In order to perform a join between two servers, SQL Server has to transfer the data from one server to another. When working with very large tables, this can be very painful. By dafault, the data will be transferred from the remote server to the local server.
In order to prevent this, limit the amount of data that will be transferred between the servers.
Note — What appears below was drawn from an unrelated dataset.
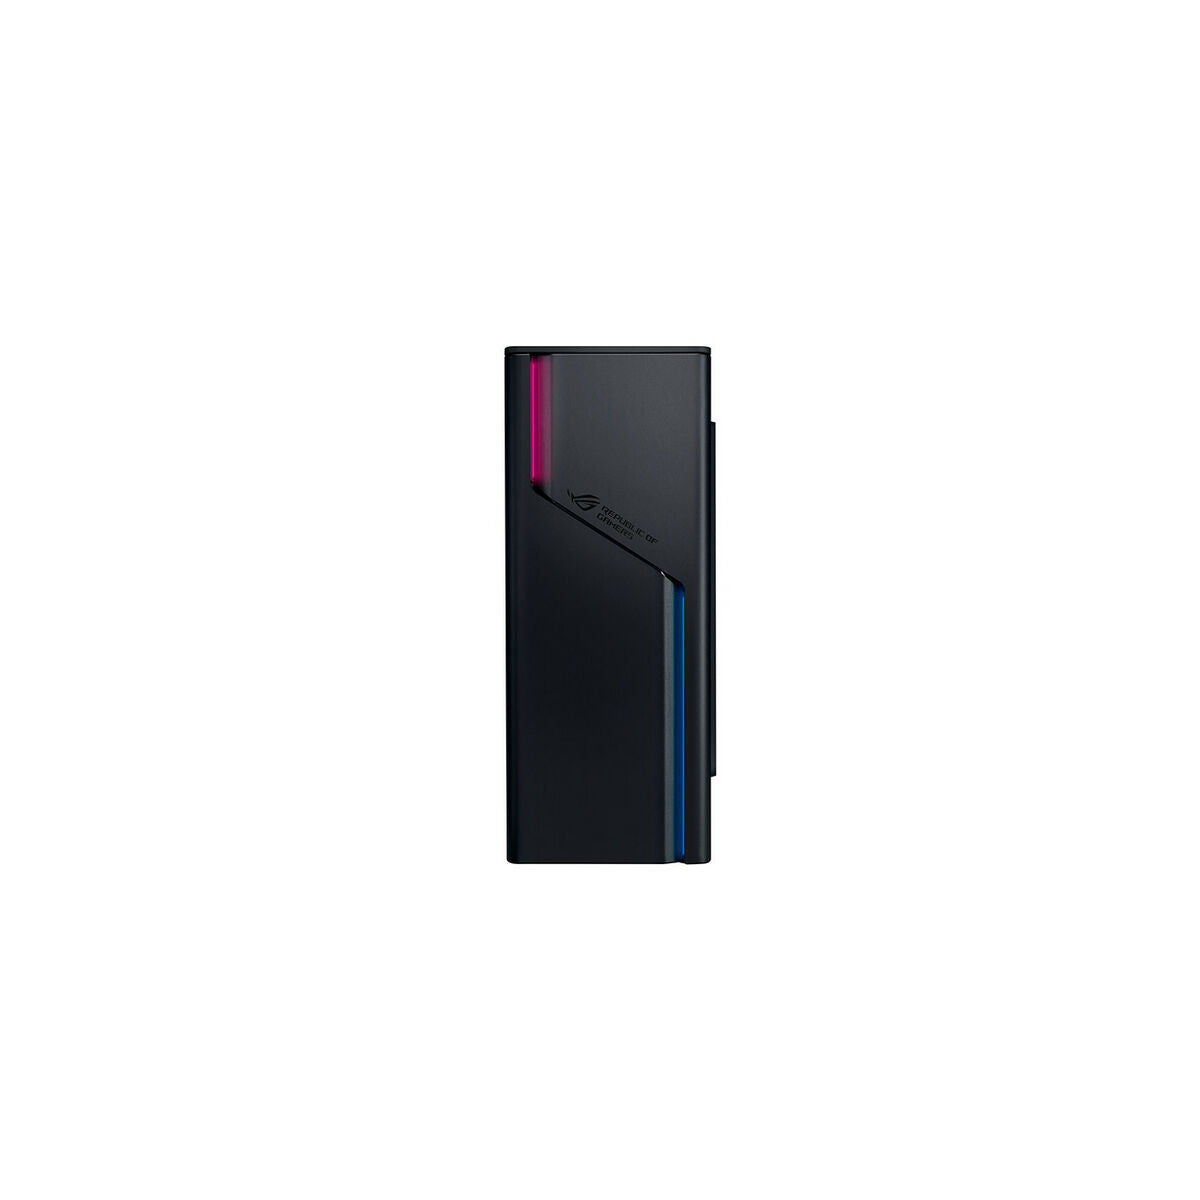 Desktop PC Asus G22CH-71470F0100 32 GB RAM 1 TB SSD, Asus, Computing, Desktops, desktop-pc-asus-g22ch-71470f0100-32-gb-ram-1-tb-ssd, Brand_Asus, category-reference-2609, category-reference-2791, category-reference-2792, category-reference-t-19685, category-reference-t-19903, category-reference-t-21381, computers / components, Condition_NEW, office, Price_+ 1000, Teleworking, RiotNook
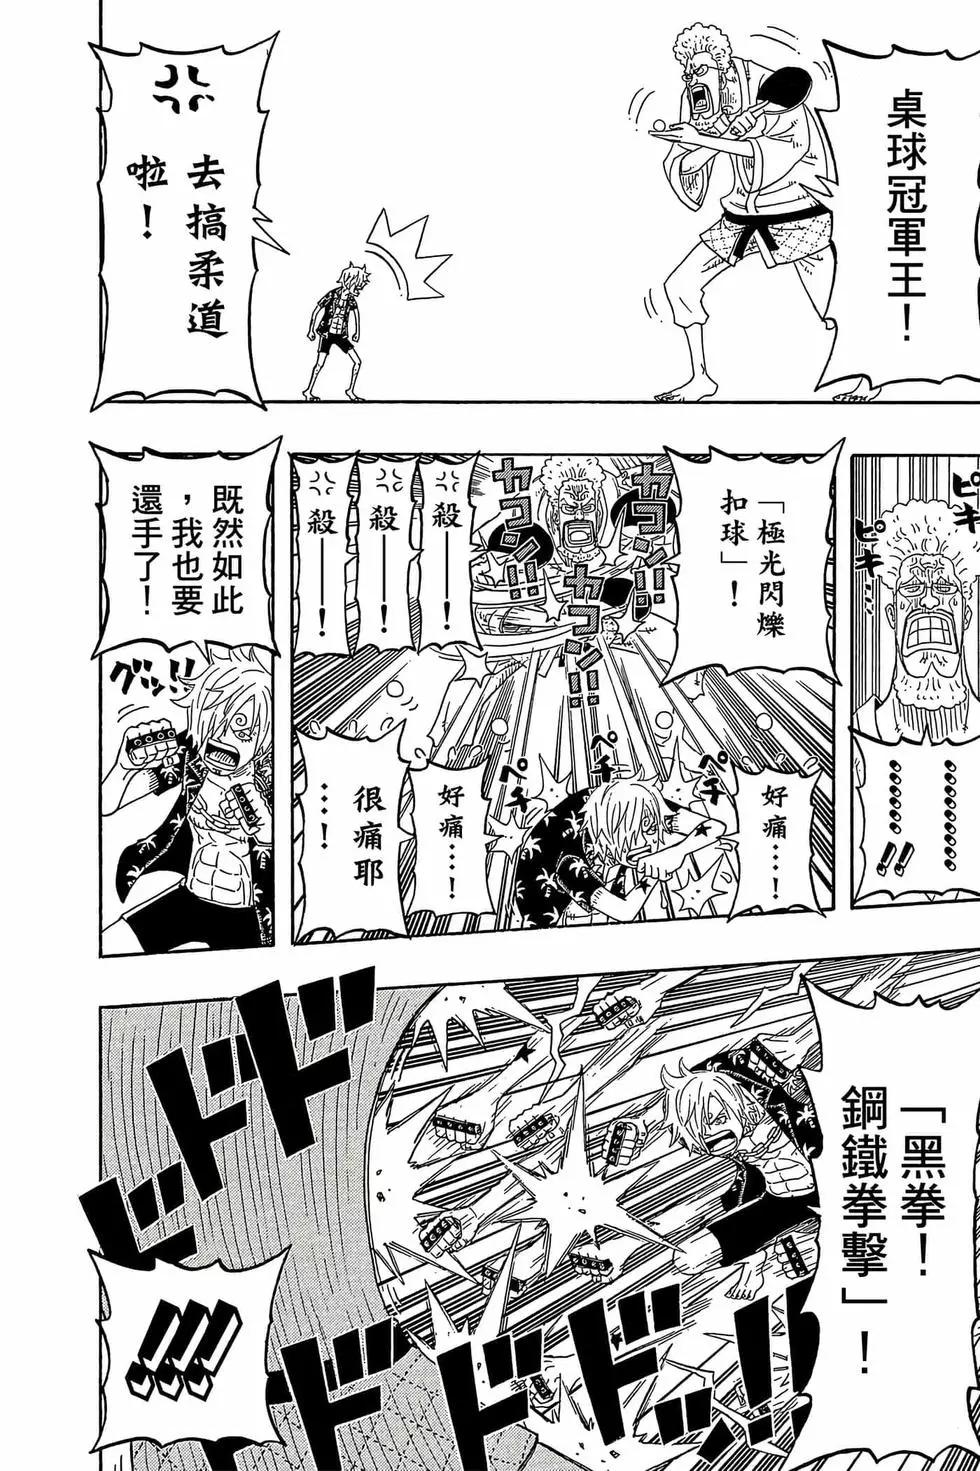 One piece party - 第03卷(4/4) - 3

You can do this by filtering the data in the where clause, having a remote stored procedure that will bring only the relevant data, or, in case you have an inner join where the local table is much smaller than the remote one, by using the REMOTE join hint, that will transfer data from the local server to the remote server in order to perform the join.

3. Using Union

As with joins, uniting two sets between servers will of course lead to transferring the data from the remote one.
But even if you run a remote query that units two sets from the same remote server, the sets will first be transferred to the local server, and only then be united.
Prevent this by having a remote procedure, function or view that will do the union.

4.Writing too complex queries

The optimizer cannot always know what you mean, especially when working with linked server queries.
For example, I encountered a query that looked like this one and ran for 10 minutes:
SELECT *
FROM LocalTable
WHERE SomeColumn <
(SELECT COUNT(*)
 FROM RemoteServer.SomeDB.dbo.SomeTable
 WHERE SomeColumn > 100)

I changed the query to look like this:

DECLARE @Count INT
SELECT @Count = COUNT(*)
FROM RemoteServer.SomeDB.dbo.SomeTable
WHERE SomeColumn > 100
SELECT *
FROM LocalTable
WHERE SomeColumn < @Count
After the rewrite, the query ran for 1 only second..
Keep it simple!

5. Working with linked server when the databases are on the same instance.

The performance penalty here is not as dramatic as in the other bullets, but working this way is slower than using three part name inside the instance. If you identify that kind of situation, test and compare performance between the two methods on your test system. Then decide if the performance improvement is worth changing the code in production. In some situations it will.